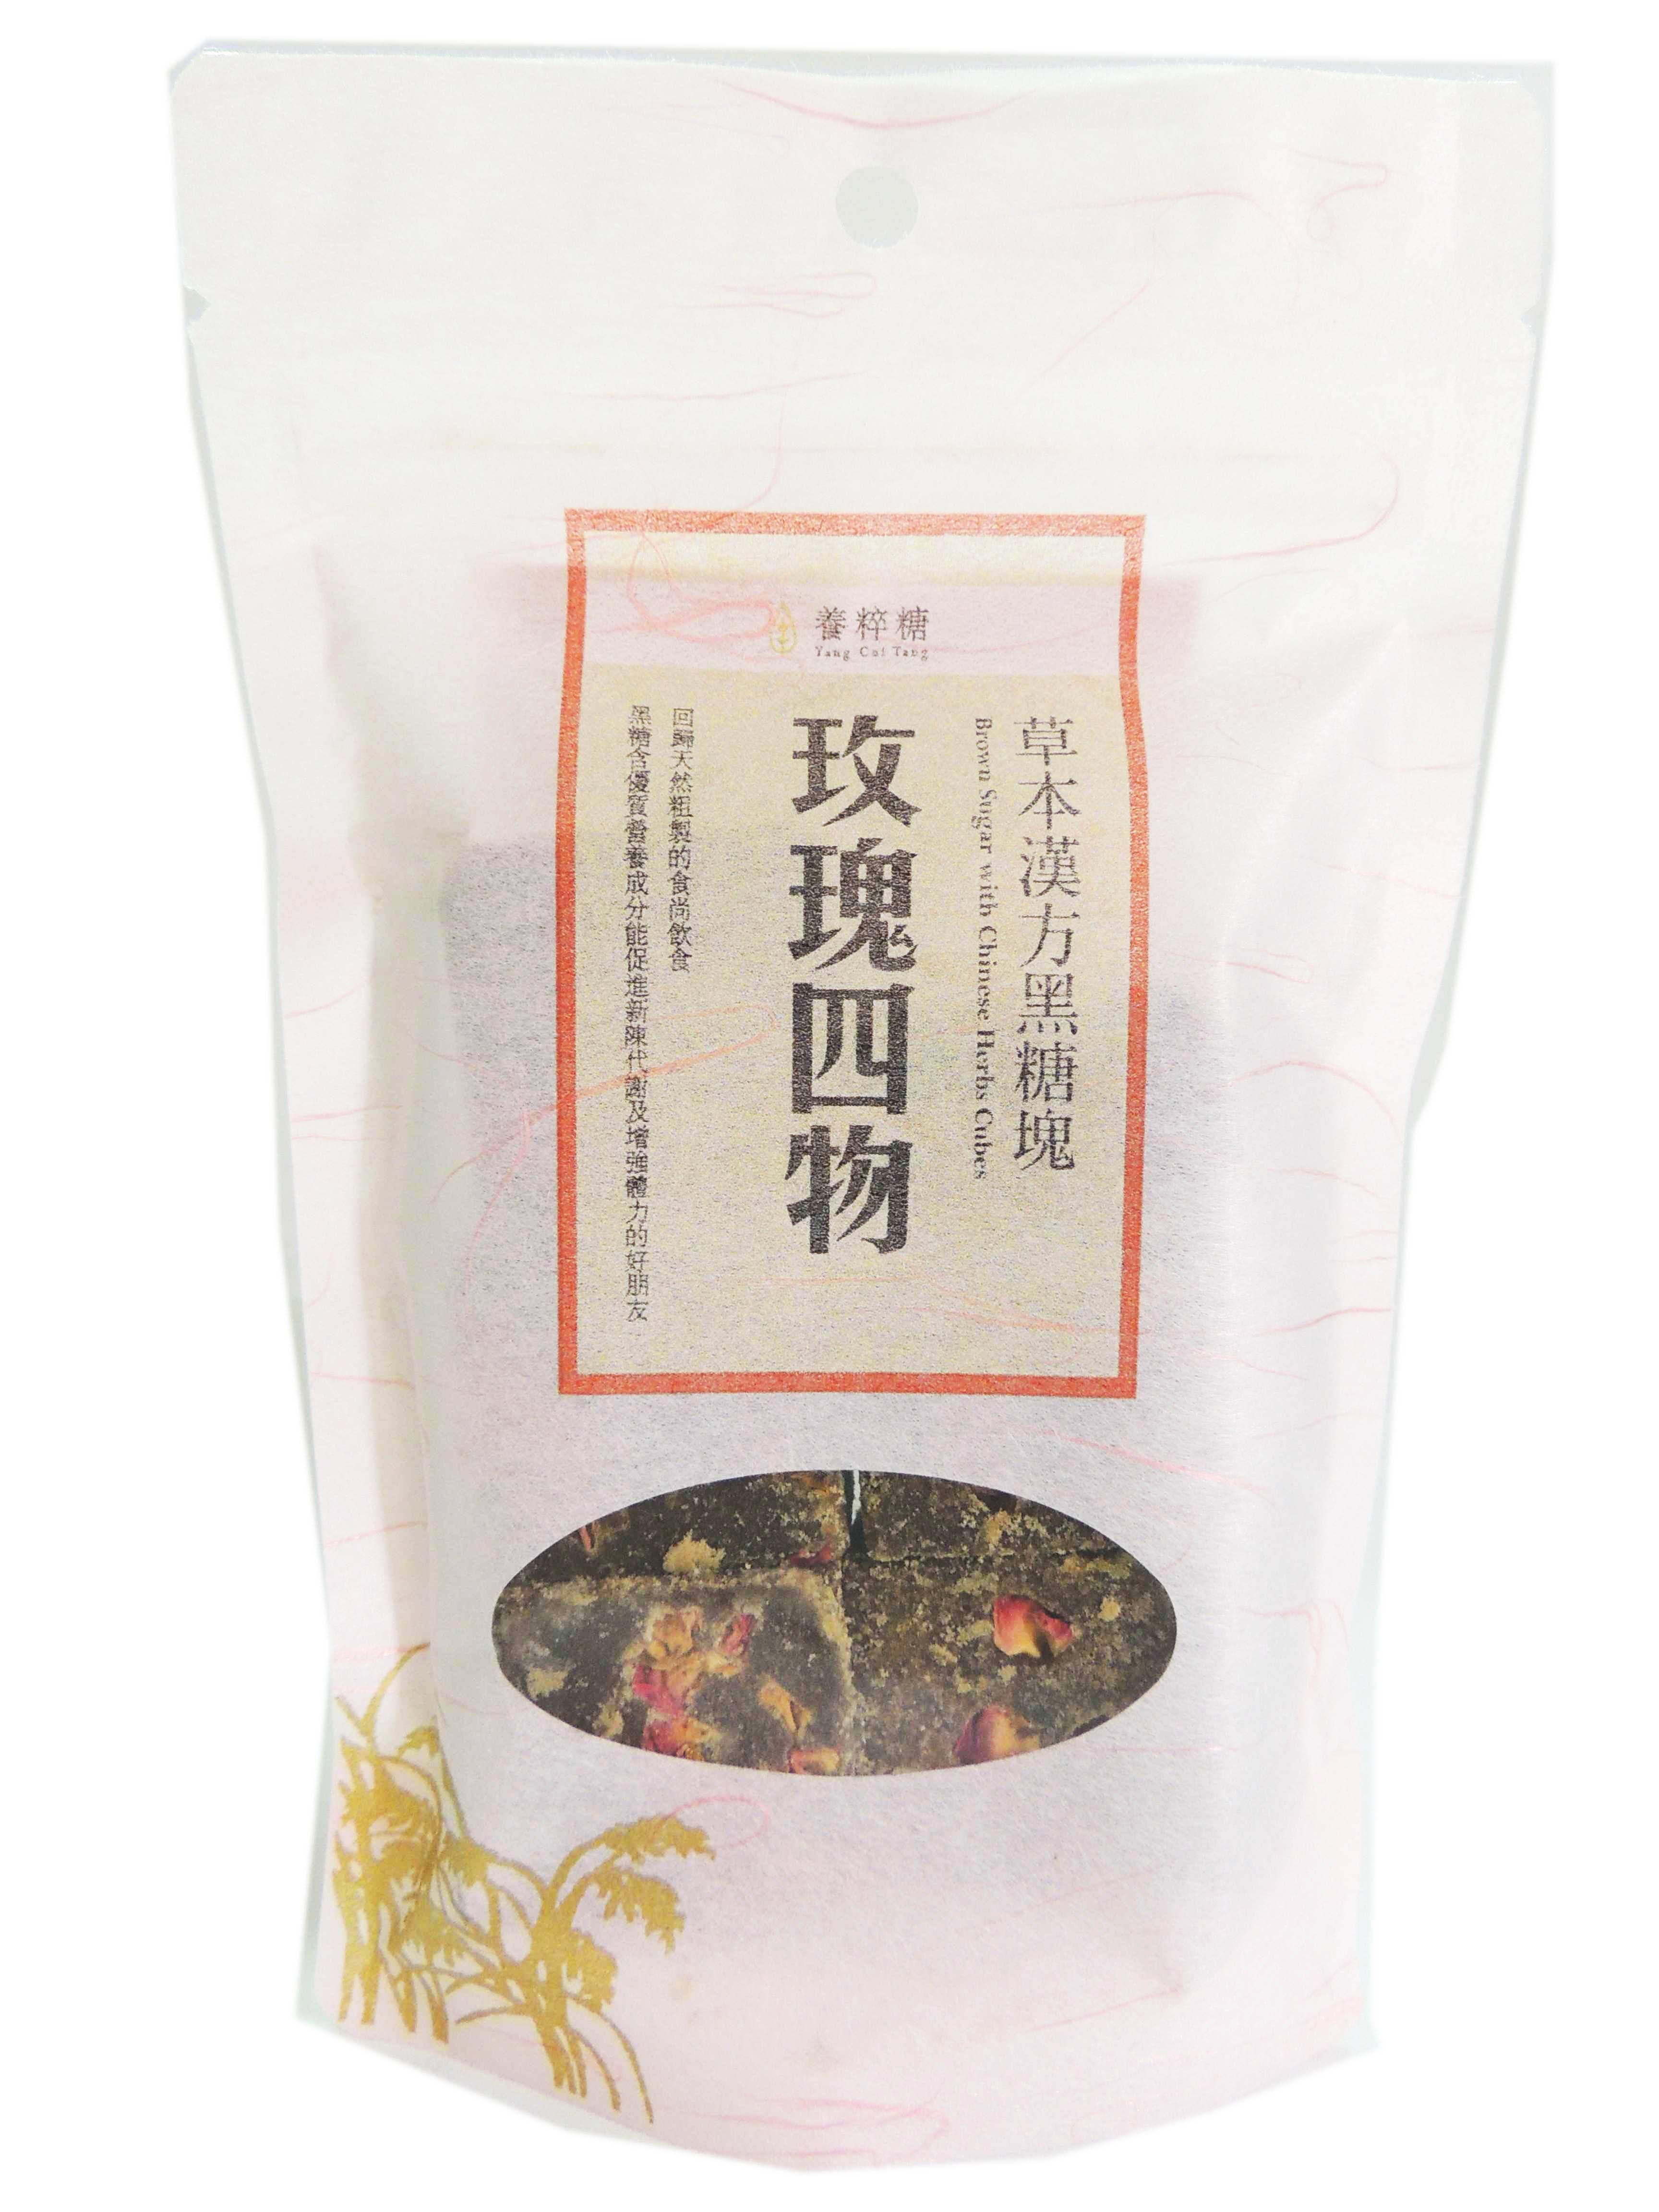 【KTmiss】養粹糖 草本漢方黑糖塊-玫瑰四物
※
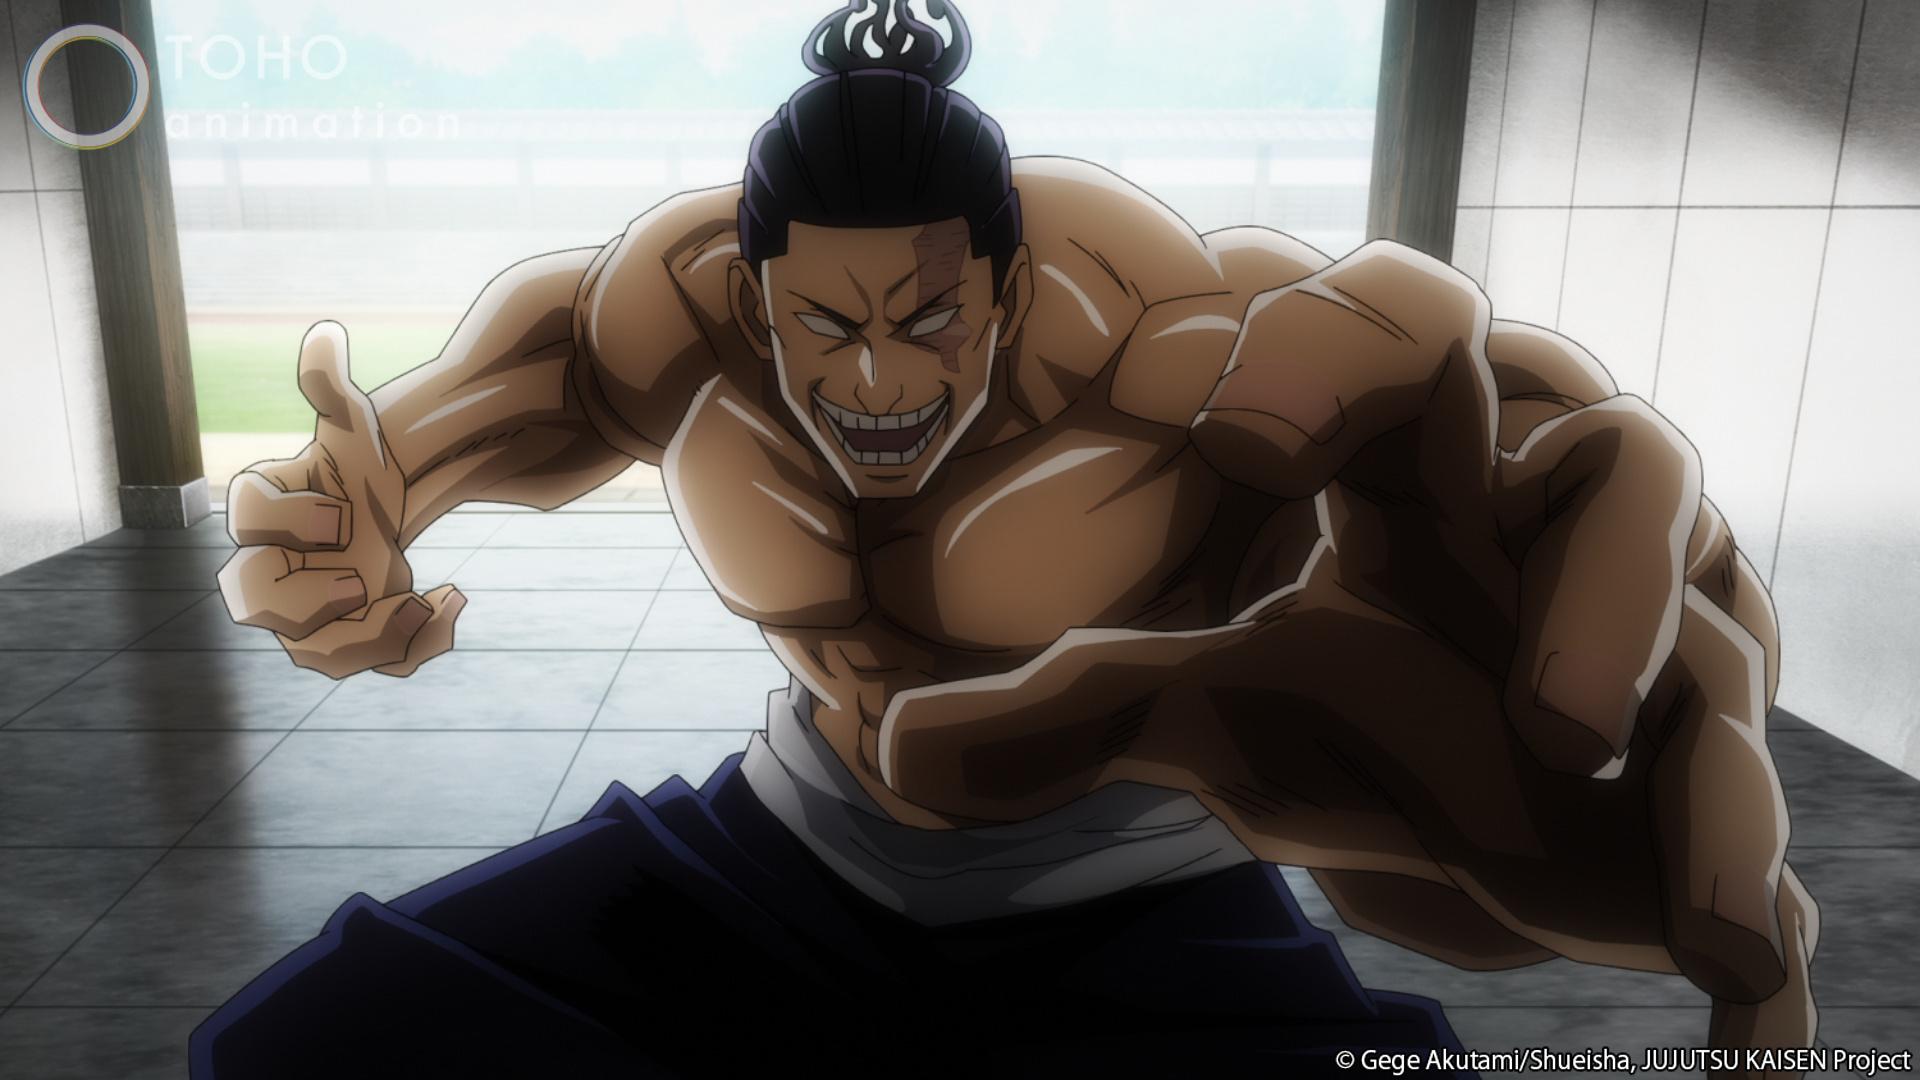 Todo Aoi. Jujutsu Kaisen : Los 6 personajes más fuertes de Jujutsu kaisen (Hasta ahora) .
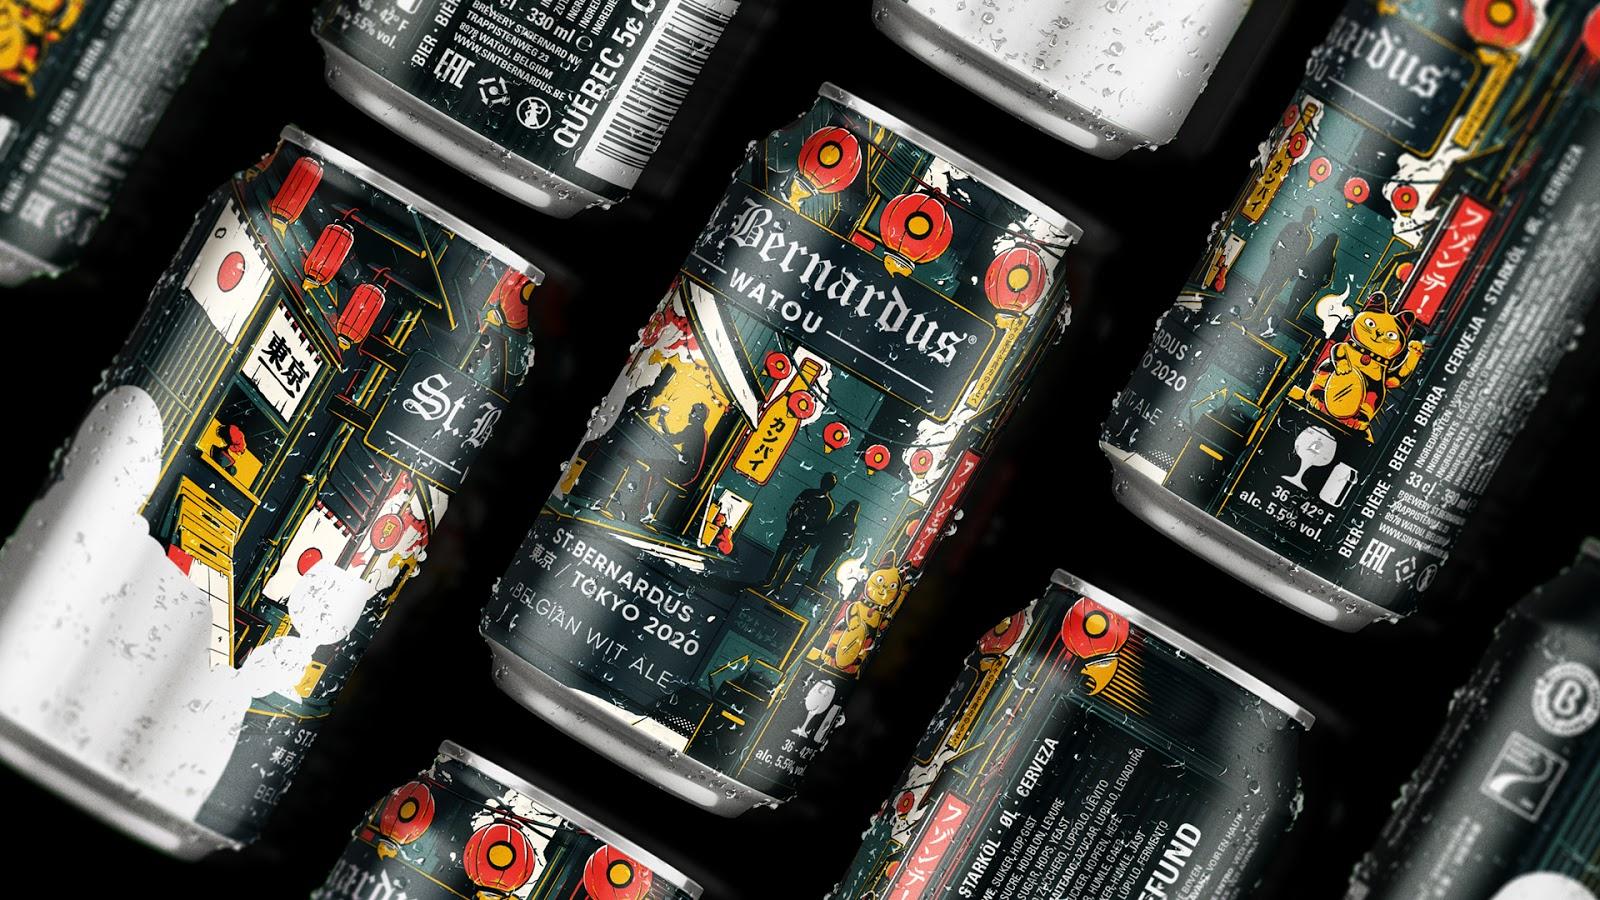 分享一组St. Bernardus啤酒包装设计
※
**Directions:**
Return the lines above from the one with "Todo Aoi. Jujutsu" through the one with "分享一组St. Bernardus啤酒包装设计", verbatim and nothing else. Omit every picture.

**Written answer:**
 Todo Aoi. Jujutsu Kaisen : Los 6 personajes más fuertes de Jujutsu kaisen (Hasta ahora) .
 分享一组St. Bernardus啤酒包装设计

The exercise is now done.